Dataset excerpt:
----
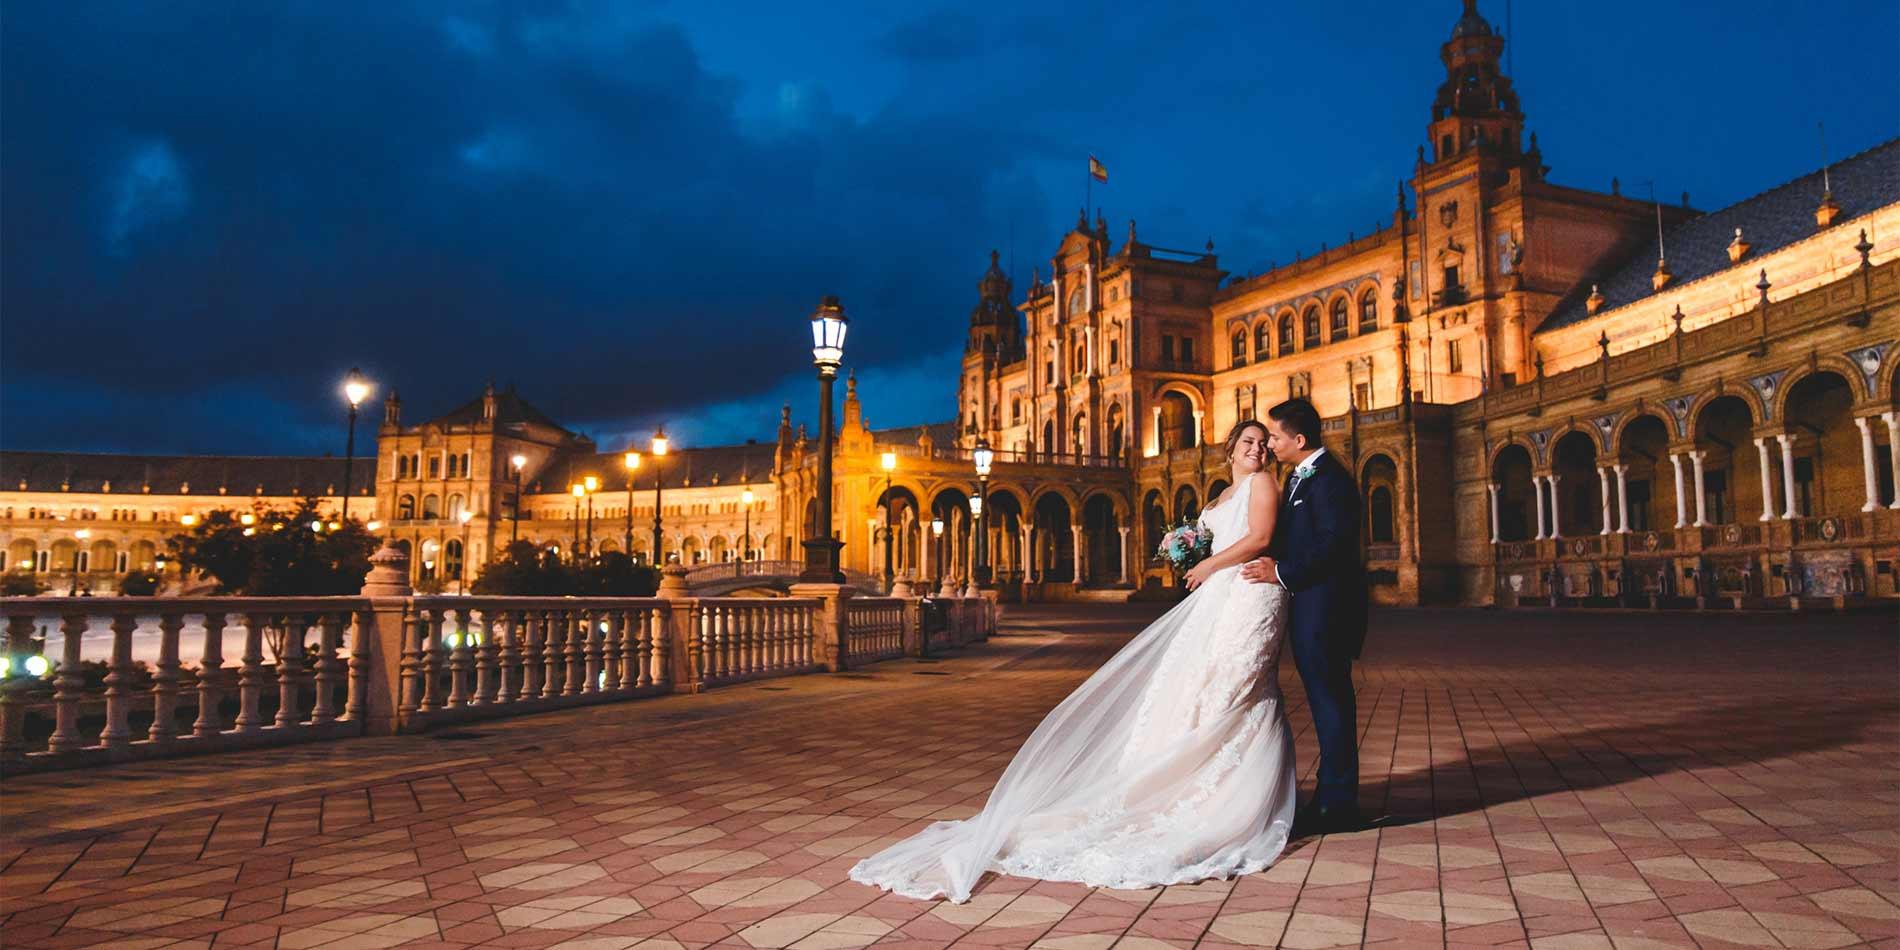 Fotos de boda en Sevilla, pareja de novios en plaza de España de noche
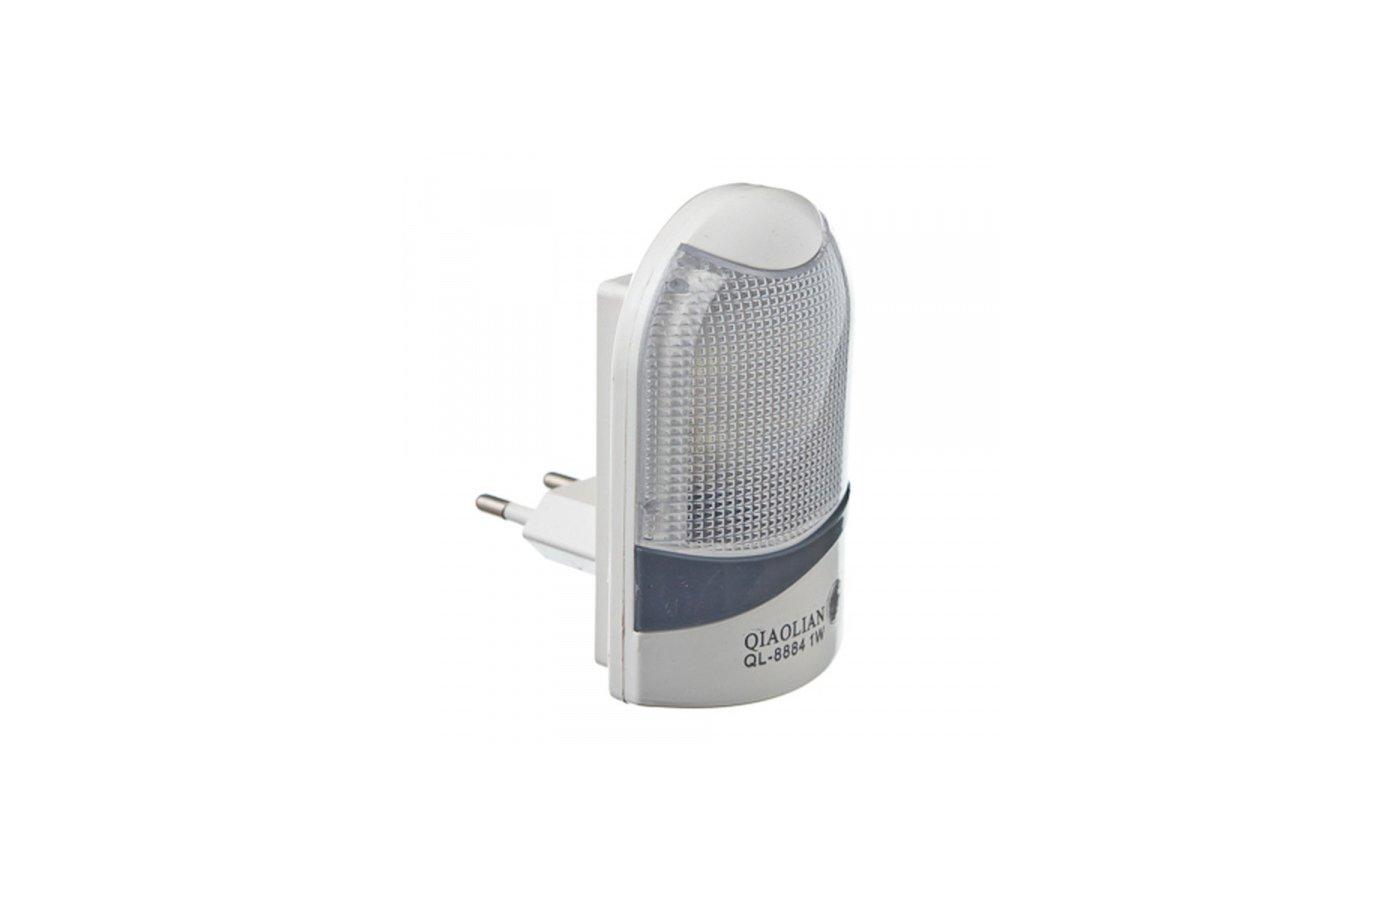 Декоративный светильник 920-013 Ночник светодиодный с выключателем-датчиком освещения 220В
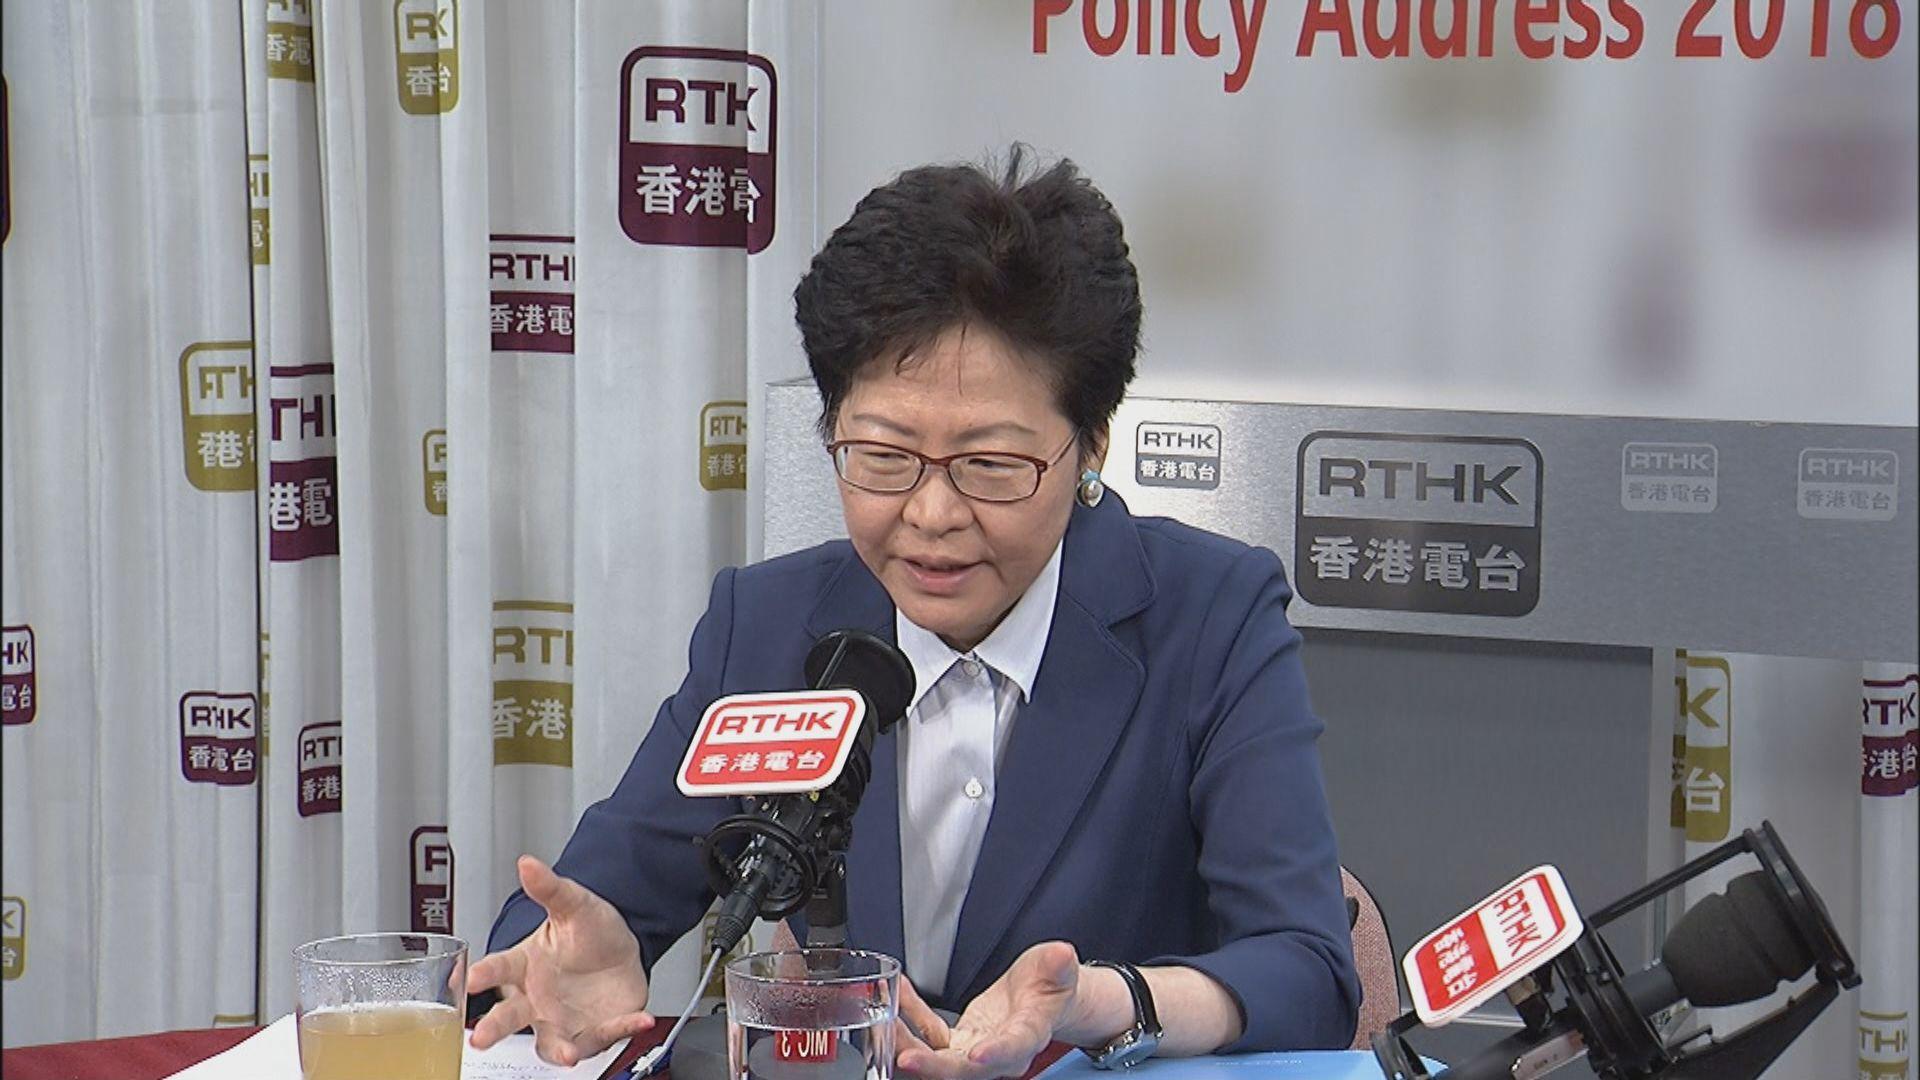 林鄭月娥:不會提早收回外國記者會會址
----
Would you write out the data exactly, with no pictures in the copy?

 Fotos de boda en Sevilla, pareja de novios en plaza de España de noche
 Декоративный светильник 920-013 Ночник светодиодный с выключателем-датчиком освещения 220В
 林鄭月娥:不會提早收回外國記者會會址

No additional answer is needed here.